◆ Your goal
After locating the line with "イギリス アンティーク 真鍮 ドアノブ 建具金物 握り玉 5861" in the data that follows, return it and every later line exactly, up to and including the line with "Nite IZE 300 Lumen Camp Lantern".

----- Raw data

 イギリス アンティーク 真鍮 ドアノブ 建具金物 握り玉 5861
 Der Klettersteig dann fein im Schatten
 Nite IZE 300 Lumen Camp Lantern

----------
----- Raw data

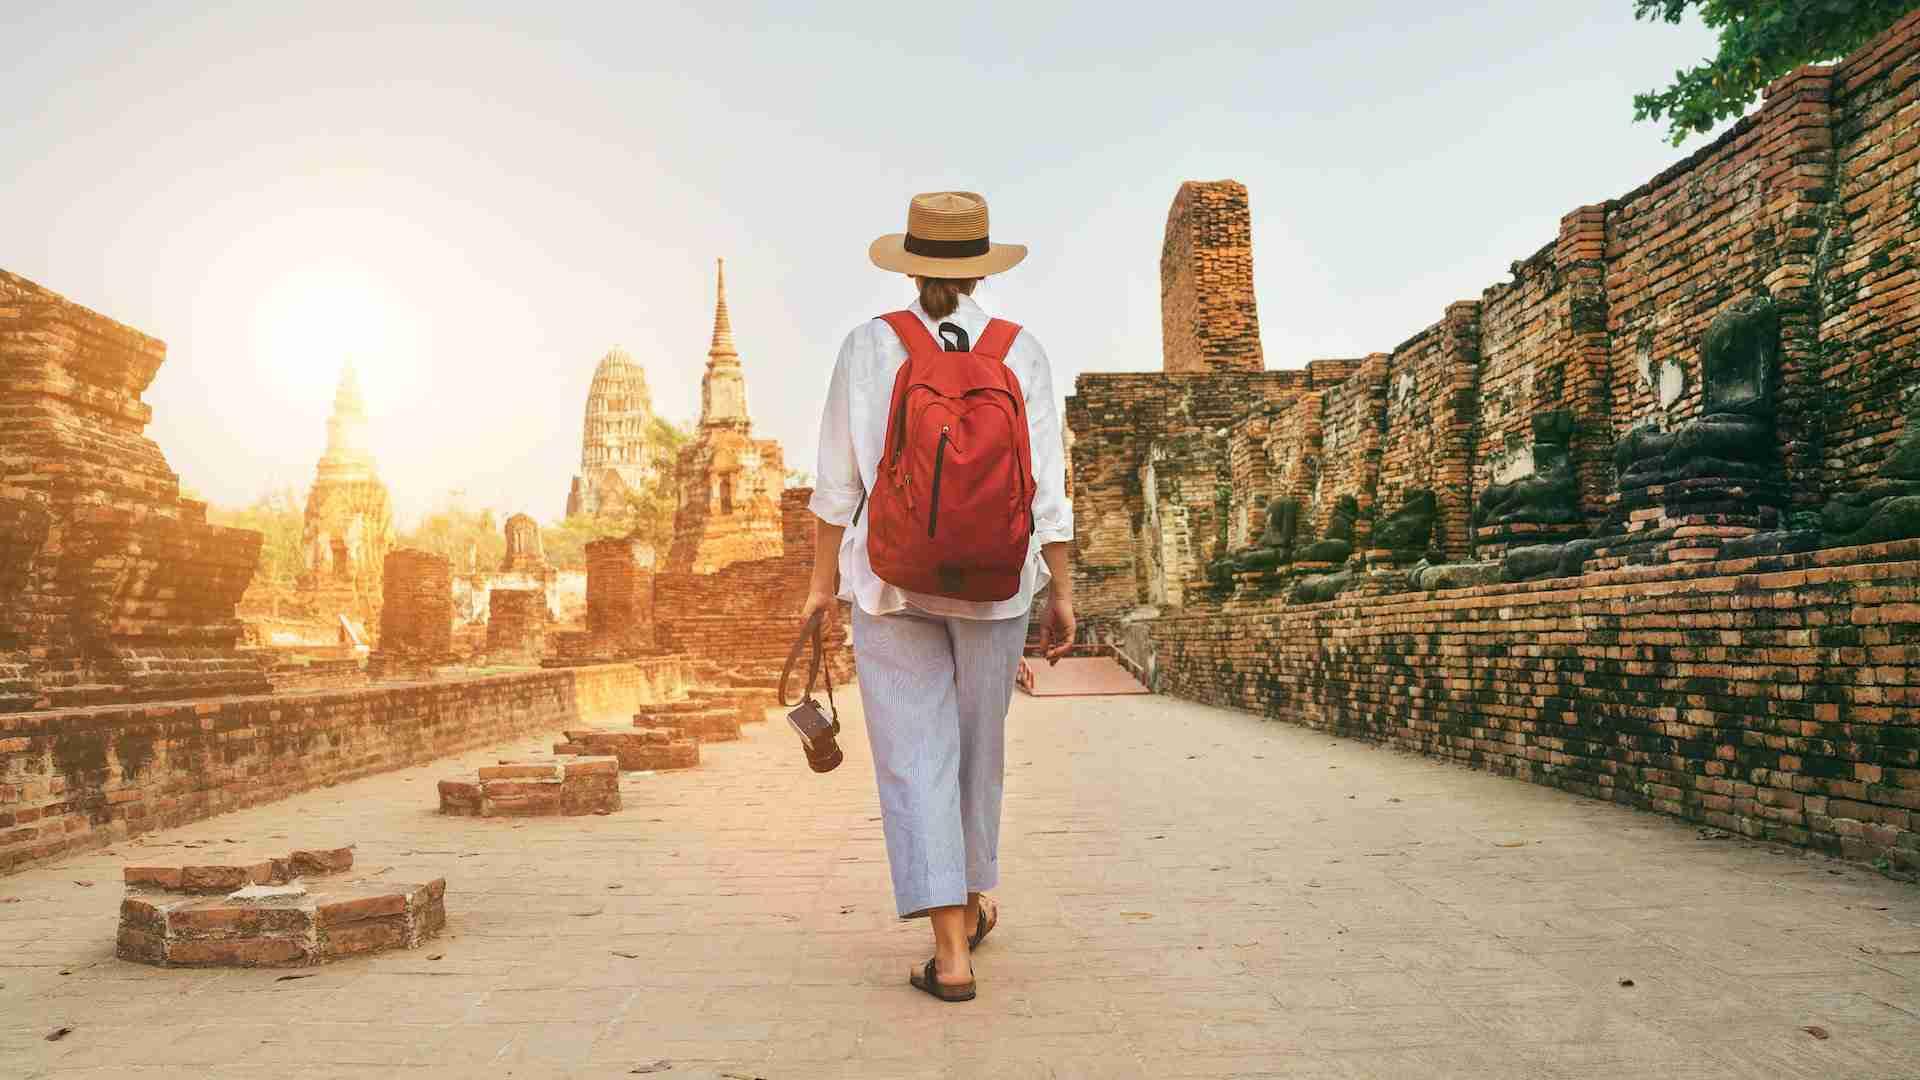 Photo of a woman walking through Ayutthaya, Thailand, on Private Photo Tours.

----------

◆ Reply to the task
 イギリス アンティーク 真鍮 ドアノブ 建具金物 握り玉 5861
 Der Klettersteig dann fein im Schatten
 Nite IZE 300 Lumen Camp Lantern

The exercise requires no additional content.